То ли от просьбы, либо чуть ли не приказа девчонки, Пашка пришел в себя и удивленно посмотрел на Глашку — та передала доктору мушкет и принялась перезаряжать отставленный, совершенно не обращая внимания на воткнувшуюся в борт телеги оперенную стрелу. Он ее не узнал — алые щеки, возбужденные блестящие глазоньки, ноздри тонкого носа трепещут — пороховой дым буквально впивает в себя, и дуреет прямо на глазах. Прошипела разъяренной кошкой, при этом ухитрившись не просто погладить доктора по спине, а прижавшись к нему на секунду.
— Это они, тати московитские, батюшку и мамку зарубили! Бей их без жалости, милый, смертным боем лупи!
И столько ярости было в вопле и во взгляде, что Пашка отшатнулся и перебежал к «Сержанту», что забивал шомполом пыж в стволе. Тот посмотрел на него и весело сказал:
— Заряжай мне, я стрелять буду. Бой-девка, теперь за доктора можно не беспокоится — он при ней, и она за ним, как за каменой стеной будет. Славная парочка выйдет — друг дружку любить будут как чокнутые. Вот и ладненько — так что завидуем молча!
Пашка принялся заряжать мушкеты, а «Сержант» стрелял как заведенный, отмечая руганью удачные попадания, и скрипом зубов на промахи. А пальба шла по всему фронту, ожесточенная и быстрая. И убийственно точная на этот раз, в отличие от вчерашнего дня. Но это и понятно — палили самые лучшие стрелки, все остальные реконструкторы были у них, как говорится, на «подхвате». И это дало ощутимый результат — половины атакующих всадников как не бывало, десятка два «спешено» самой смертью.
— Что, не понравилось⁈ Отведали досыта «свинцовой каши»⁈
«Московиты» отхлынули, и куда быстрее поскакали обратно, нахлестывая коней. Было видно, что такого отпора, да еще «огненным боем», они никак не ожидали. Но в лес не пошли, крутились у самой опушки, и пашка непонимающе посмотрел на «Сержанта». Тот ухмыльнулся, только глаза были серьезные, с темноватой дымкой безумия. Он похлопал парня по плечу, показал на стрелу, воткнувшуюся в дерюгу, и сказал, обращаясь сразу ко всем «одноклубникам», что хрипло дышали от усталости:
— Это они сикурса, то есть помощи ожидают. Плюньте и растерите — больше сотни не будет, но скорее подойдет вторая половина сотни. По здешним местам конница полками ходить не будет ради одного дьяка с телегами. Потерь среди нас вроде нет, у мужиков пару зацепило — будет доктору работа.
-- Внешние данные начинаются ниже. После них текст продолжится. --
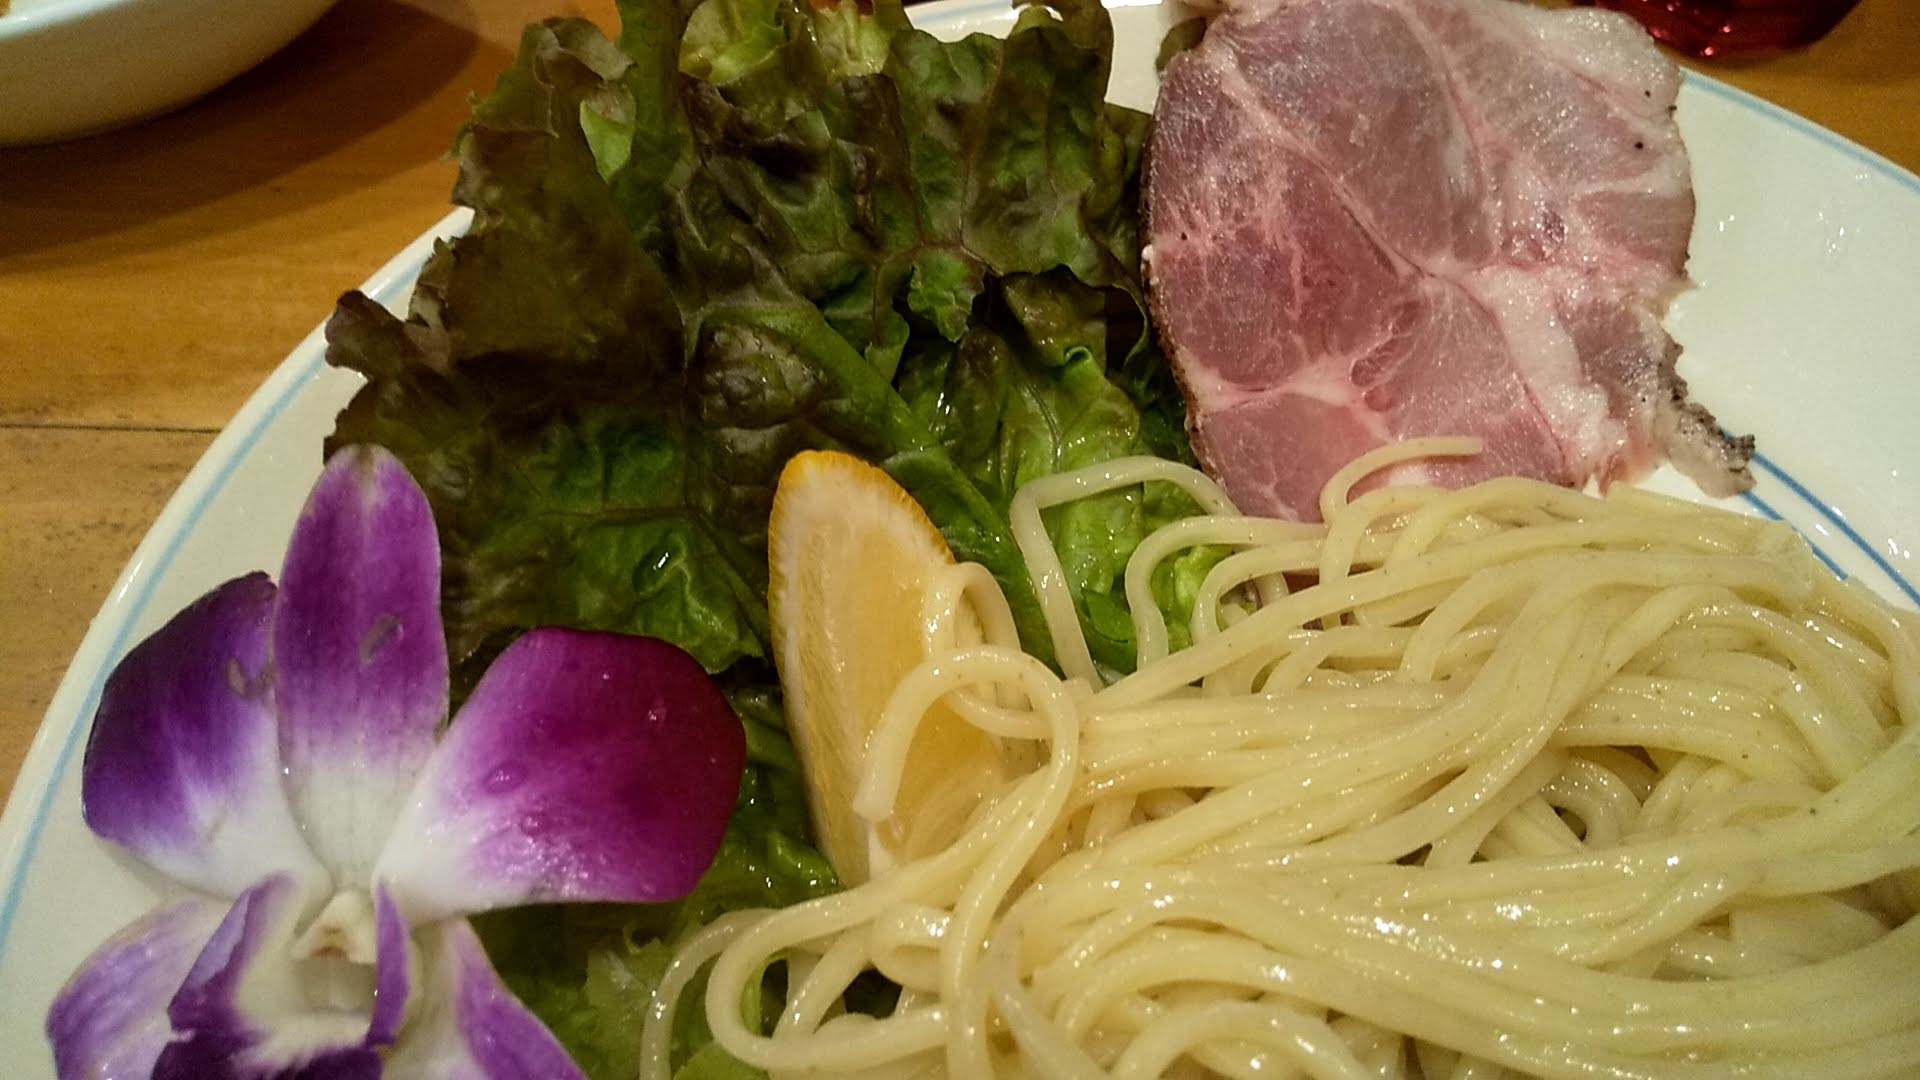 Hulu-luのつけ麺の麺皿アップ

Так что чистим мушкеты, бояре, подготовимся к следующему акту «пьесы» — он будет куда интереснее. А как зарядим, то перекурить это дело можно. Чувствую, что надолго марлезонский балет затянется…
Шотландская гвардия французских королей XV века — непременные участники последних сражений «столетней войны». На них вполне можно было положится — давние и непримиримые враги англичан, чужие галльской земле — они сохраняли преданность венценосным нанимателям.
Глава 16
— Это у нас растение такое произрастает, вроде ладана дымится, нечистую силу отгоняет, — Андрей Владимирович истово по православному перекрестился. И заметил, как напряженный взгляд «дьяка» перестал быть таким цепким, обмяк как бы. Хотя какой на хрен «дьяк» — боярин опытный, воин умелый — из арбалета хорошо стреляет, а вот перо с чернильницей явно не для него, куда ближе сабля острая.
— Трава эта голод притупляет, когда у нас в крепости кушать ничего не стало, уж больно схизматики обложили осадою, ее курение позволяло легче невзгоды переносить. И как то привыкли к ней, теперь трудно без нее обходится, как без чарки вина доброго. И митрополит наш благословил, сказал что вере и ратному делу не помеха, лишь бы бились хорошо со схизматиками и магометанами, что крест со Святой Софии свергли.
— Кхе-кхе, это так — выпить бы не помешало, но уж когда дойдем только — порубежье близко, тверичская землица пошла, княже. Но так они у себя считают, что их, а мы, новгородцы, иначе. И курения свои возносите как требы — зазорного ничего не вижу, тем паче сами «огненным боем» бьетесь. Невиданное зрел собственными очами, но им верю! Ты уж прости меня, княже — вы своим обычаем живете, мы своим — а еды у нас вдоволь, голодовать не будете. Хотя московский князь подвоз хлеба с низовых земель запретил. Ничего, и эту напасть одолеем.
Вот только уверенности в последних словах у новгородца не послышалось, дрогнул голос. Да оно и понятно — шесть лет тому назад «Господин Великий Новгород» после жуткого разгрома на реке Шелони склонил гордую выю перед московским князем, признал за ним верховенство, молча сглотнул требование о контрибуции, перетерпел казнь нескольких бояр, наиболее нетерпимых Москве. И попался этой весной в настороженный капкан, когда послы, причем выражающие интересы «промосковской партии», от себя сказали всего одно слово вместо другого.
Страшненькое такое слово по своим последствиям для всей новгородской «вольницы» — «государь»!
Сознательно «ошиблись», ведь нужно было произнести «господин», то есть верховный правитель. А вот «государь» означал, что теперь, с этого момента, Иван III имеет полное право казнить и миловать по своему усмотрению, и распоряжаться так, как его душеньке взбредет — Новгород сам признал, словами своих послов, де-юре, его «вотчиной». И хотя по возвращению «сотня золотых поясов» осознала, что свершилось, и попыталась дать «задний ход», указав на ошибку послов, которым велено именовать московского князя «господином», но было уже поздно.
Слово сказано, и оно услышано!
Теперь Иван Васильевич имел законное право наказать «ослушников», ибо такой отказ являлся прямой «изменой». И первым делом перекрыл подвоз хлеба, а осенью, после уборки урожая, соберет войска, и в «силе тяжкой» двинется с полками на строптивых «торговцев». И камня на камне не оставит от «града обреченного», если тот не вздумает покориться насилию.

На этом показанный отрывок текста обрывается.